As a preferable scheme of the recycling treatment method of the aluminum electrolysis carbon-containing hazardous waste, the invention comprises the following steps: in the step S2, the top of the high-temperature mechanical activation device is provided with an air inlet/outlet valve and a polytetrafluoroethylene lining.
As a preferable scheme of the recycling treatment method of the aluminum electrolysis carbon-containing hazardous waste, the invention comprises the following steps: in the step S2, if the raw material to be used is the waste cathode carbon block, oxidizing gas is introduced to carry out decyanation treatment.
As a preferable scheme of the recycling treatment method of the aluminum electrolysis carbon-containing hazardous waste, the invention comprises the following steps: in the step S2, the oxidizing gas is air, oxygen-enriched gas or carbon dioxide.
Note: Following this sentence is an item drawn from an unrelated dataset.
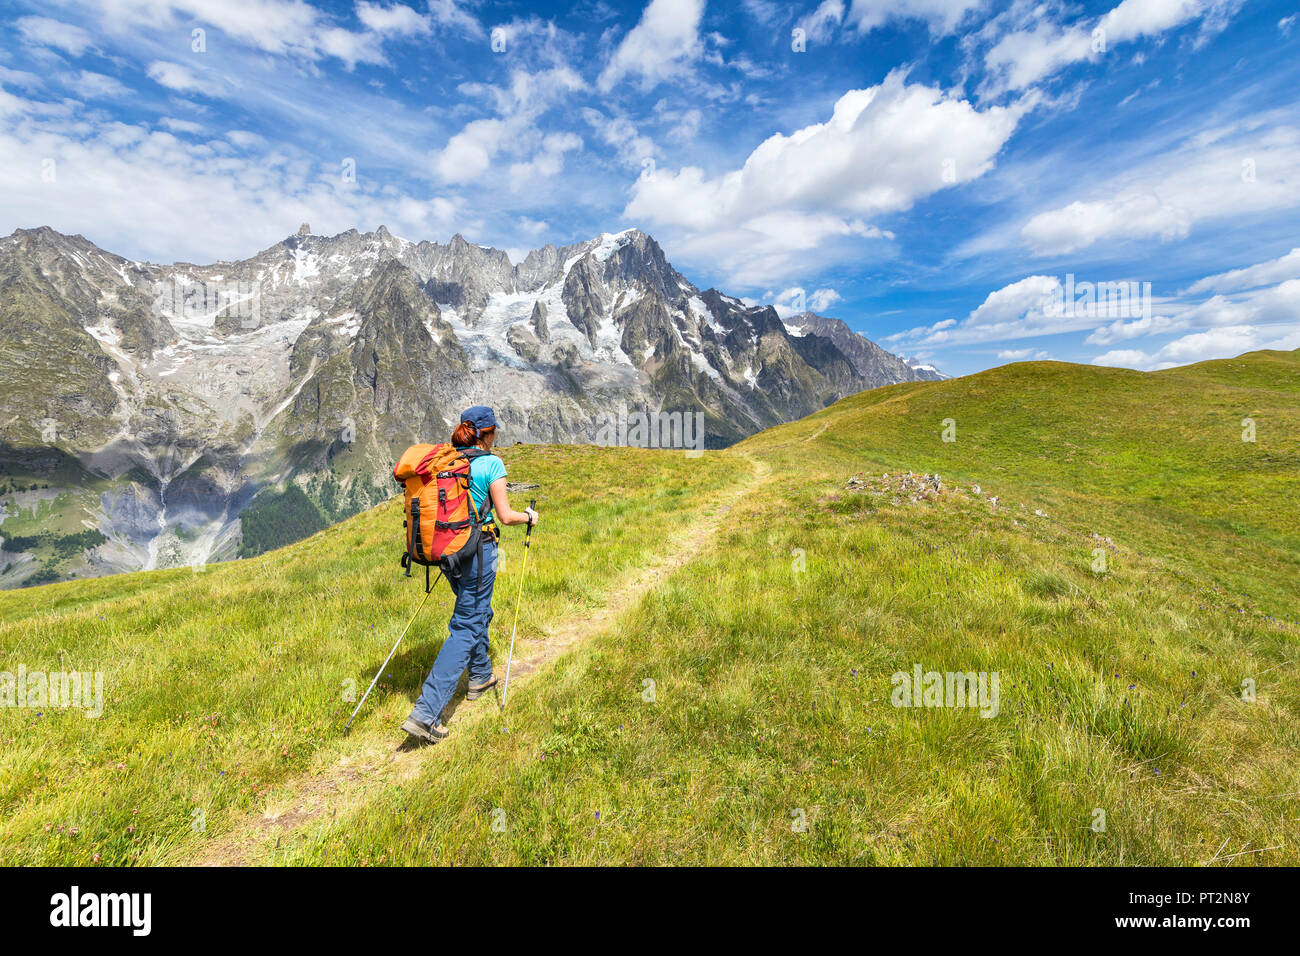 A trekker is walking on the Mont de la Saxe in front of Grandes Jorasses during during the Mont Blanc hiking tours (Ferret Valley, Courmayeur, Aosta province, Aosta Valley, Italy, Europe) Stock Photo

As a preferable scheme of the recycling treatment method of the aluminum electrolysis carbon-containing hazardous waste, the invention comprises the following steps: in the step S3, the liquid reaction agent is one or more of nitric acid, sulfuric acid and hydrochloric acid.
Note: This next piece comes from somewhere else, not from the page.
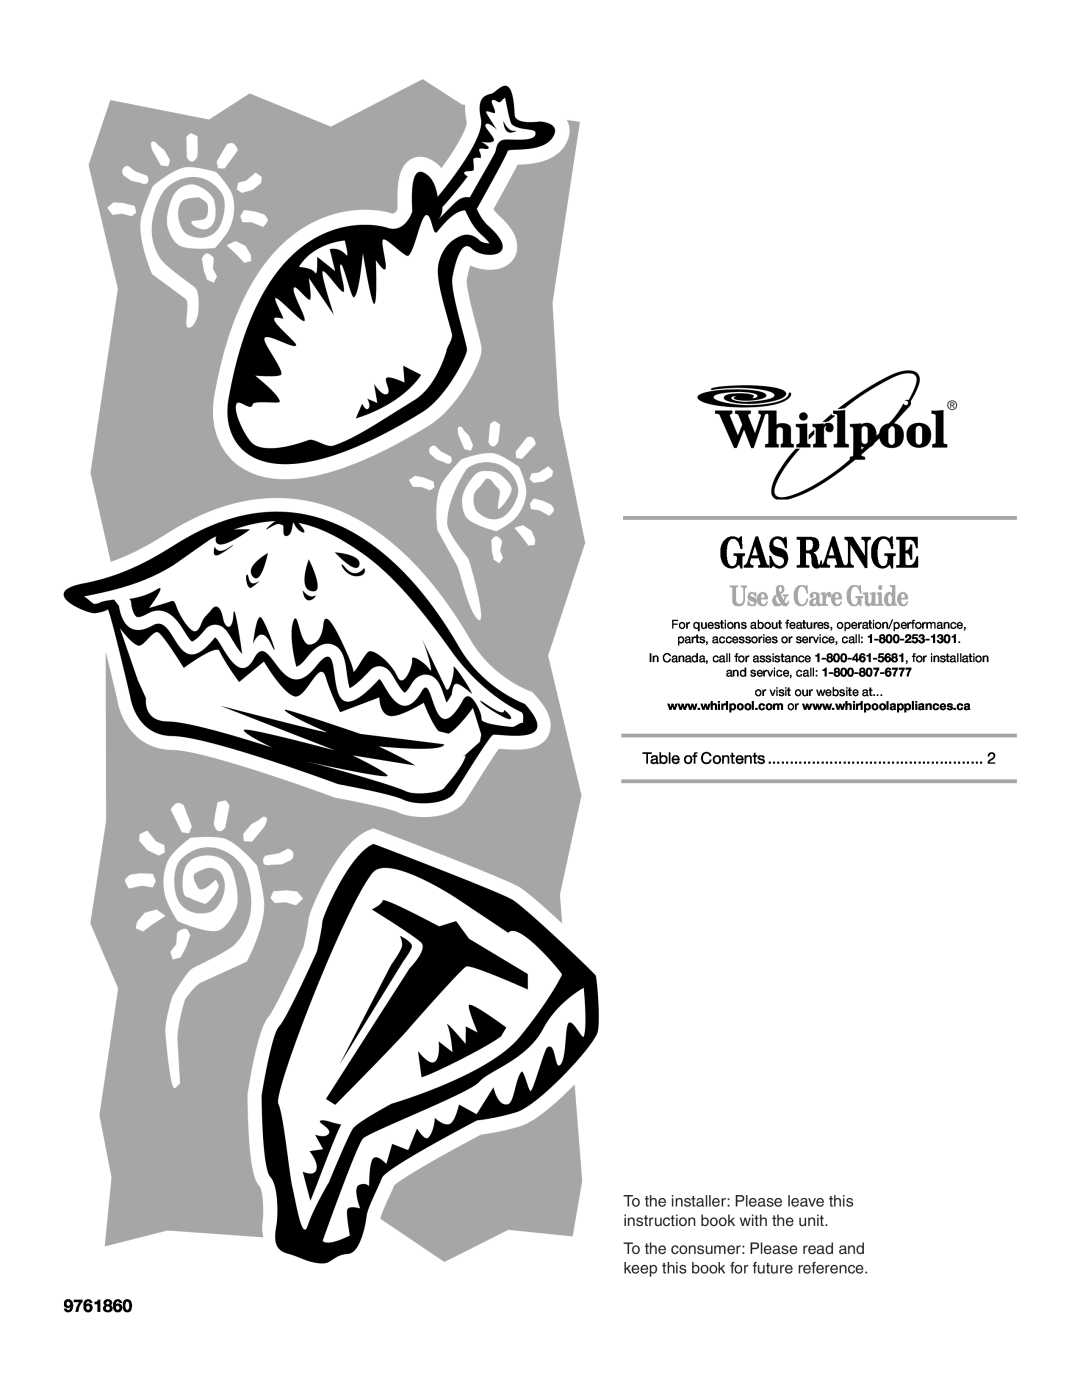 Whirlpool SF196LEPB1 manual Gas Range, Use &Care Guide, 9761860, and service, call or visit our website at

As a preferable scheme of the recycling treatment method of the aluminum electrolysis carbon-containing hazardous waste, the invention comprises the following steps: in the step S3, the concentration of the liquid reaction agent is 2-12 mol/L, and the liquid-solid ratio of the liquid reaction agent to the activated material is 5-30 mL/g.
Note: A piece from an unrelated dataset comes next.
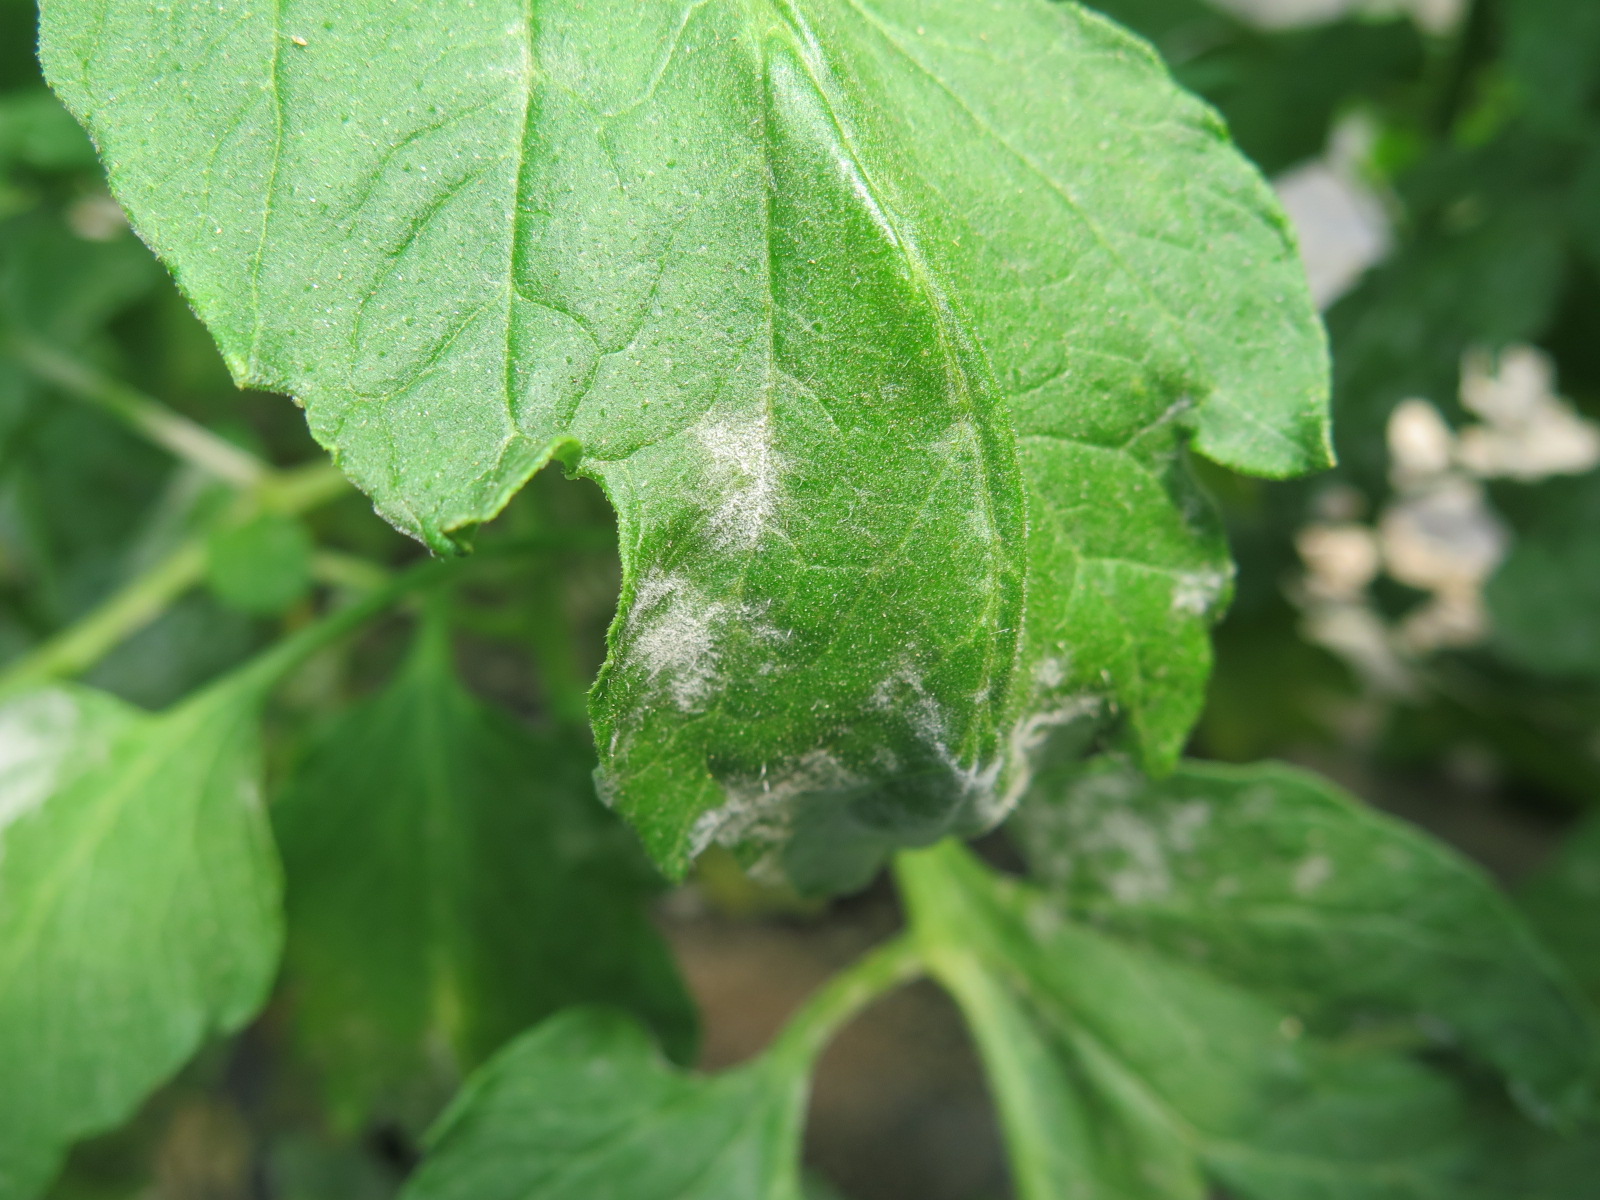 A close up of powdery mildew on tomato leaves.

As a preferable scheme of the recycling treatment method of the aluminum electrolysis carbon-containing hazardous waste, the invention comprises the following steps: in the step S4, the water leaching waste liquid comprises strong acid water leaching waste liquid and weak acid water leaching waste liquid, wherein the pH value of the strong acid water leaching waste liquid is less than or equal to 2, the strong acid water leaching waste liquid and the acid waste liquid in the step S3 are mixed to obtain combined waste liquid, the pH value of the weak acid water leaching waste liquid is more than 2, and the combined waste liquid is returned to water leaching treatment.
As a preferable scheme of the recycling treatment method of the aluminum electrolysis carbon-containing hazardous waste, the invention comprises the following steps: in the step S5, solid aluminum salt is added into the combined waste liquid, the pH value is adjusted to 3.5-6.5, the crystallization temperature is 40-90 ℃, and precipitation is carried out.
As a preferable scheme of the recycling treatment method of the aluminum electrolysis carbon-containing hazardous waste, the invention comprises the following steps: in the step S5, the solid aluminum salt is one or more of aluminum nitrate, aluminum sulfate or aluminum chloride.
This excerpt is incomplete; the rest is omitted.